Last week I reread Owsei Temkin’s classic essay from 1963, “The scientific approach to disease: specific entity and individual illness,” for a course I am co-teaching on individuality and medicine. (I have not found the Temkin essay online. If you would like a copy of it, put a request in the comments section.) In it, Temkin distinguishes between the “ontological” and the “physiological” concepts of disease. An ontological approach treats diseases as specific entities—“things” that exist out in nature and befall humans and other creatures. The best example of an ontological approach to disease is the germ theory: the notion, developed by Pasteur, Koch, and others in the late 19th century, that many common diseases are caused by microbes. An ontological approach treats diseases as static; curing disease entails getting rid of the thing that causes it. An ontological approach gave us some of the greatest triumphs of twentieth century medicine: penicillin, the polio vaccine, the triple-drug AIDS therapy.
In contrast, a physiological disease concept treats illness as a process. Temkin also calls this a “biographical” or “historical” concept of disease. A physiological approach is individualized; it treats disease as a unique constellation of disease agent, heredity, experience, and local conditions. In its extreme form, it treats every case as different, because no two individuals have the exact same circumstances. Temkin shows how this approach characterized ancient Greek and Roman medicine, and illustrates how the two, ontological and physiological, have been in dynamic interplay down through the centuries.

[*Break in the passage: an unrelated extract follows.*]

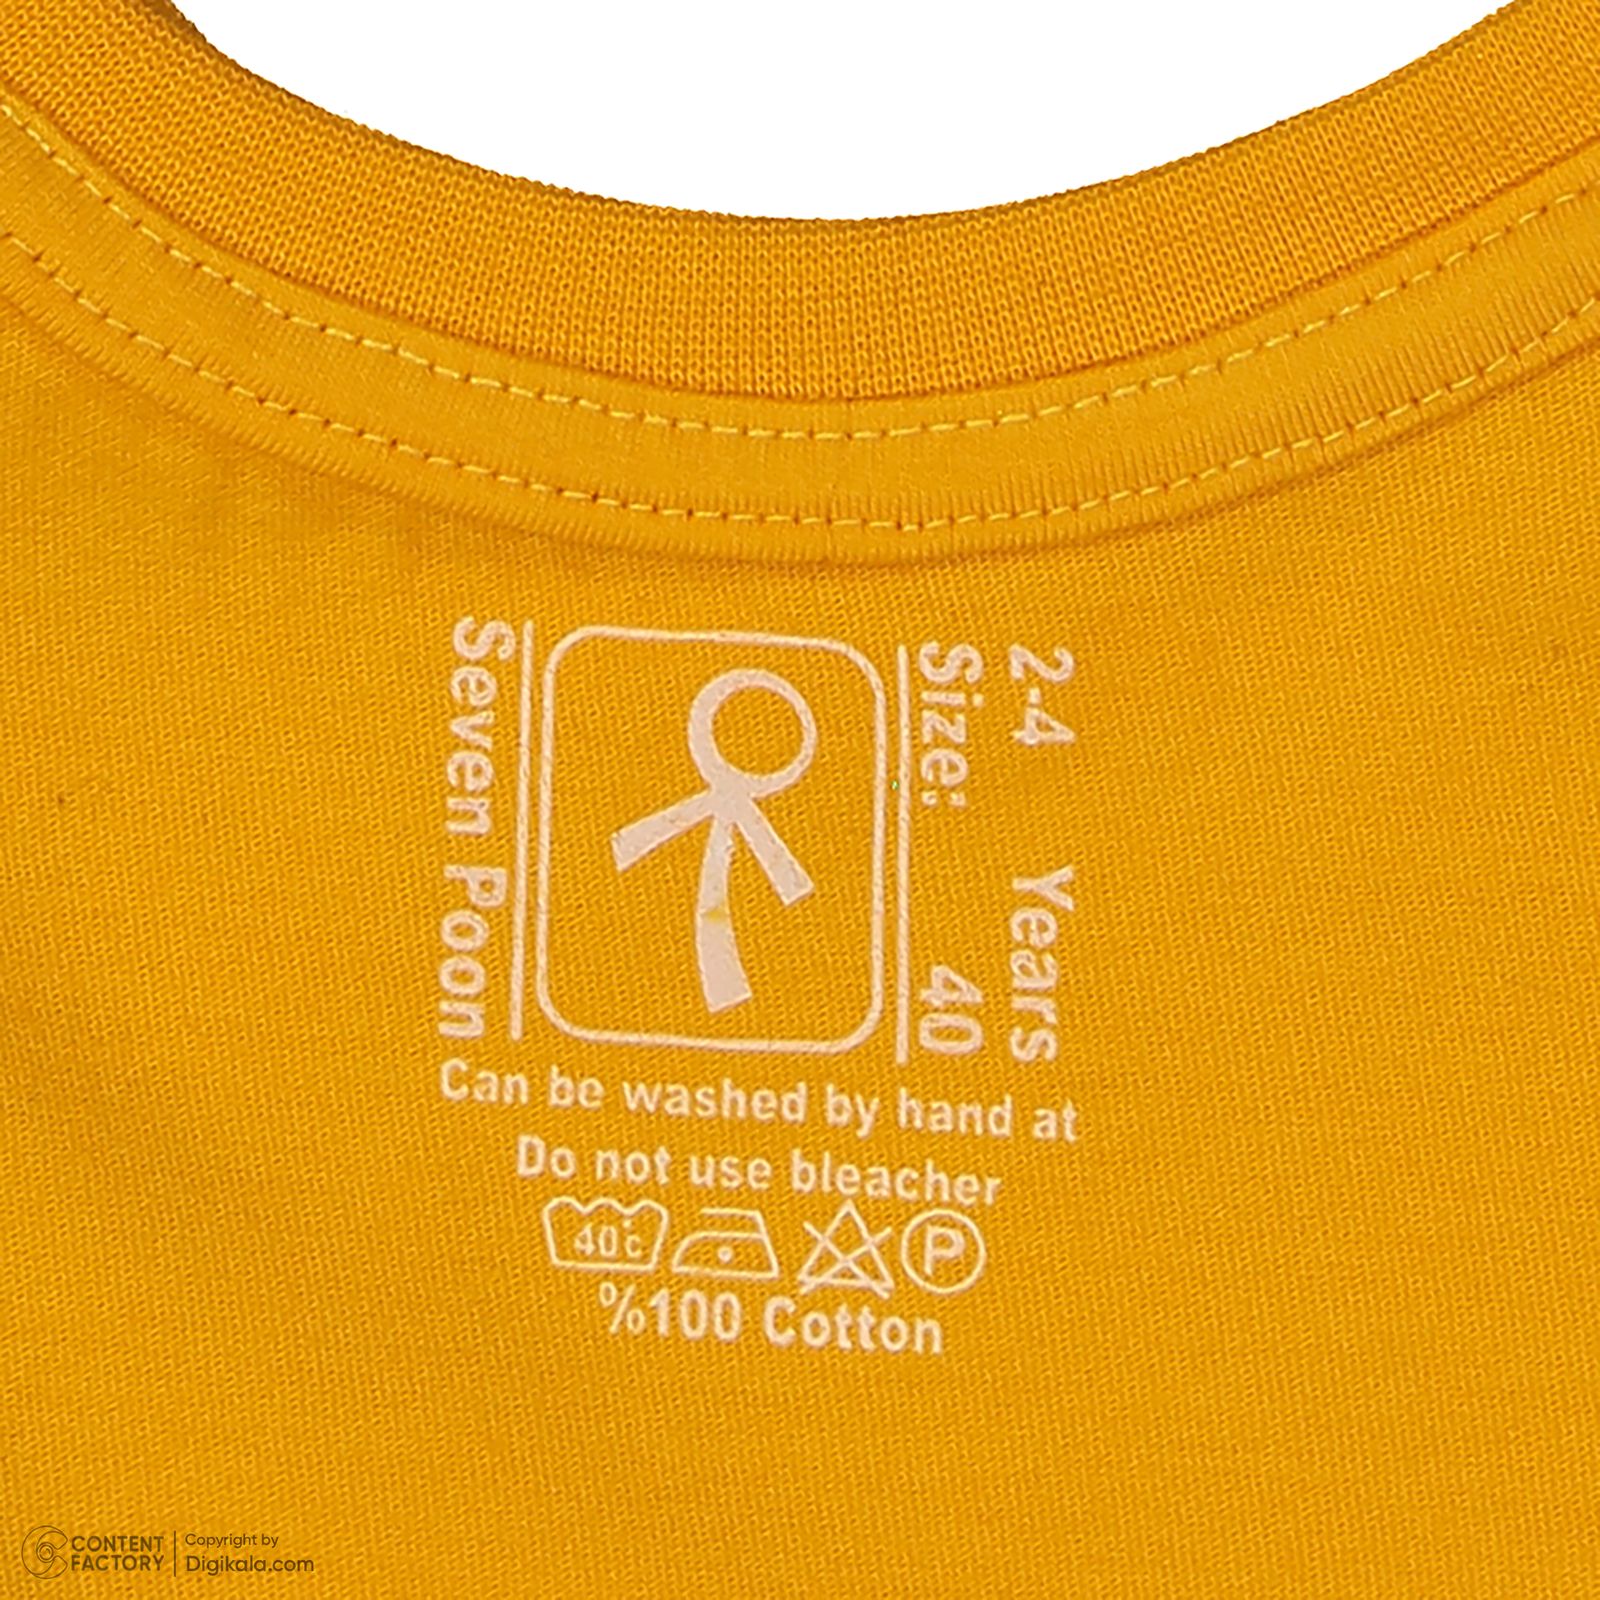 ست تی شرت و شلوارک پسرانه سون پون مدل 13911092 رنگ خردلی -  - 9

Thinking about how to explain this distinction to my students, it occurred to me that ontological diseases are nouns, while physiological diseases are verbs. Objects versus processes; things versus actions. This is a little bit crude, but as a mnemonic it works well to remind one of the fundamental distinction Temkin makes. It’s important to remember that these are not properties of the diseases, but of one’s approach to disease.

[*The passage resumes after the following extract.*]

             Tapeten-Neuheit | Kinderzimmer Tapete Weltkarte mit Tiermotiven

Catching up on The Daily Show last night I saw an interview with USC professor David Agus, author of the new book, The End of Illness. Near the beginning of the interview, Agus uses exactly this concept. He says,
We look at diseases as one little factor…You have cancer. You have heart disease. Well to me, those diseases are verbs. You are cancering. You are heart diseasing. And I want to take you from a disease state, the other direction.
After a long and successful run in the twentieth century, the ontological approach to disease has recently ceded the limelight to the physiological disease concept. Genomic medicine is all about individualized or personalized medicine. It promises to end “one size fits all” medicine and treat patients as individuals once again. Individualized medicine is also about prevention—about identifying and stopping disease before it starts. Indeed, Agus segues immediately from diseases-as-verbs to prevention: “And I want to prevent illness.” The physiological approach to disease, individualized medicine, is intimately bound to this notion of disease prevention.

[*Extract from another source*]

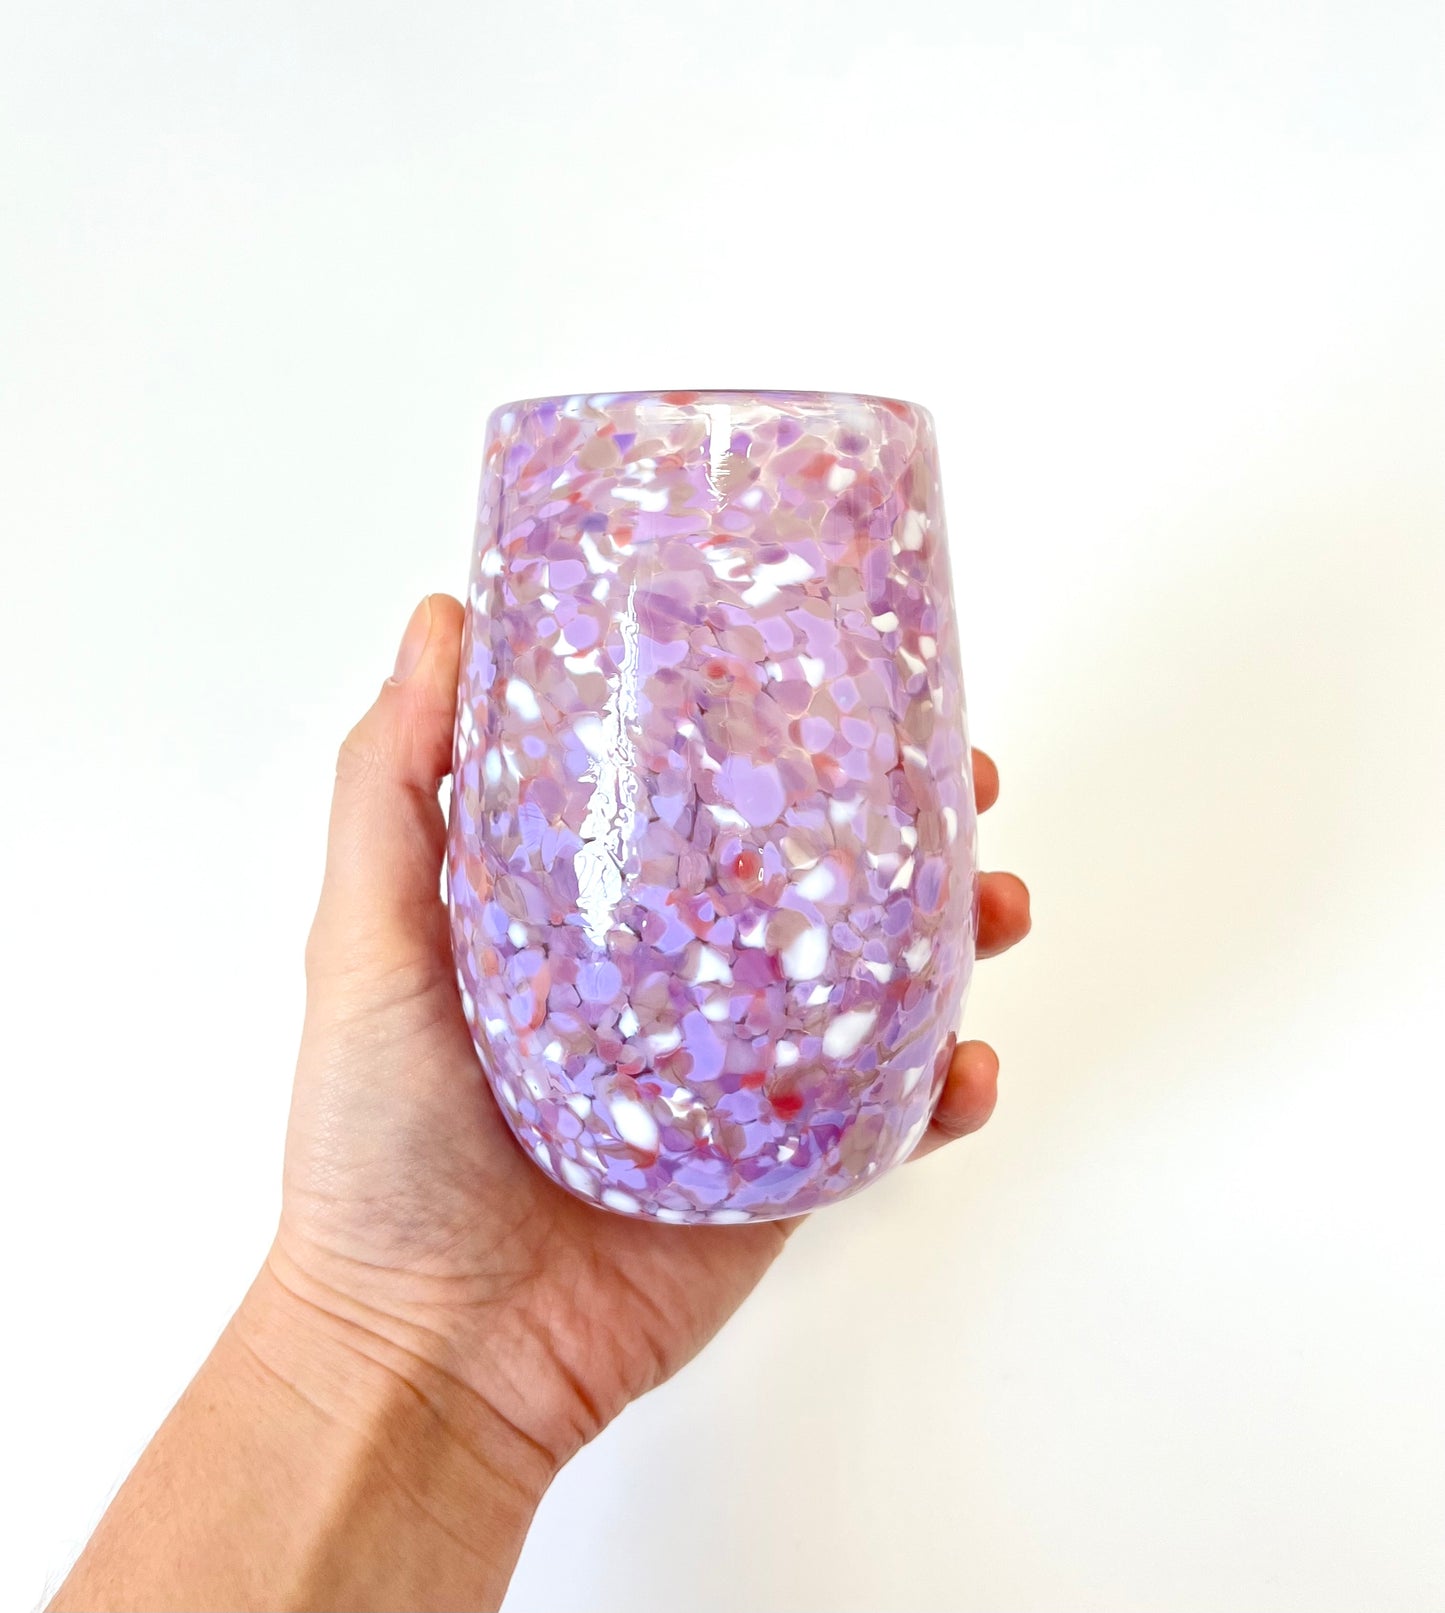 Handblown Glass Tumbler - Lilac

Prevention seems an unassailably benevolent goal; however, in this age of intensive medical management and a potent biochemical, pharmaceutical therapeutic style, prevention also means the erosion of the patient as a medical actor. We all become patients. Your health needs to be managed from birth to death, probably with an armamentarium of drugs designed to forestall a battery of diseases for which you have risk factors.
Agus seems to say that everyone should take a physiological approach, that all cancer and all heart disease, and perhaps even all diseases are verbs. But Temkin concludes his essay by insisting that neither the physiological nor the ontological approach is “correct.” Rather, one must treat a given disease ontologically or physiologically (or perhaps in some combination), depending on whether one is a patient, a doctor, a researcher, a public health worker, or what have you.
It is a marvelous example of how a historical approach to biomedicine—even from an essay half a century old—can deepen our understanding of current events in science, health, and disease.
References
Temkin, Owsei. “The Scientific Approach to Disease: Specific Entity and Individual Illness.” In Scientific Change: Historical Studies in the Intellectual, Social and Technical Conditions for Scientific Discovery and Technical Invention from Antiquity to the Present, edited by AC Crombie. 629-47. NY: Basic Books, 1963. Reprinted in The Double Face of Janus, Johns Hopkins, 1977.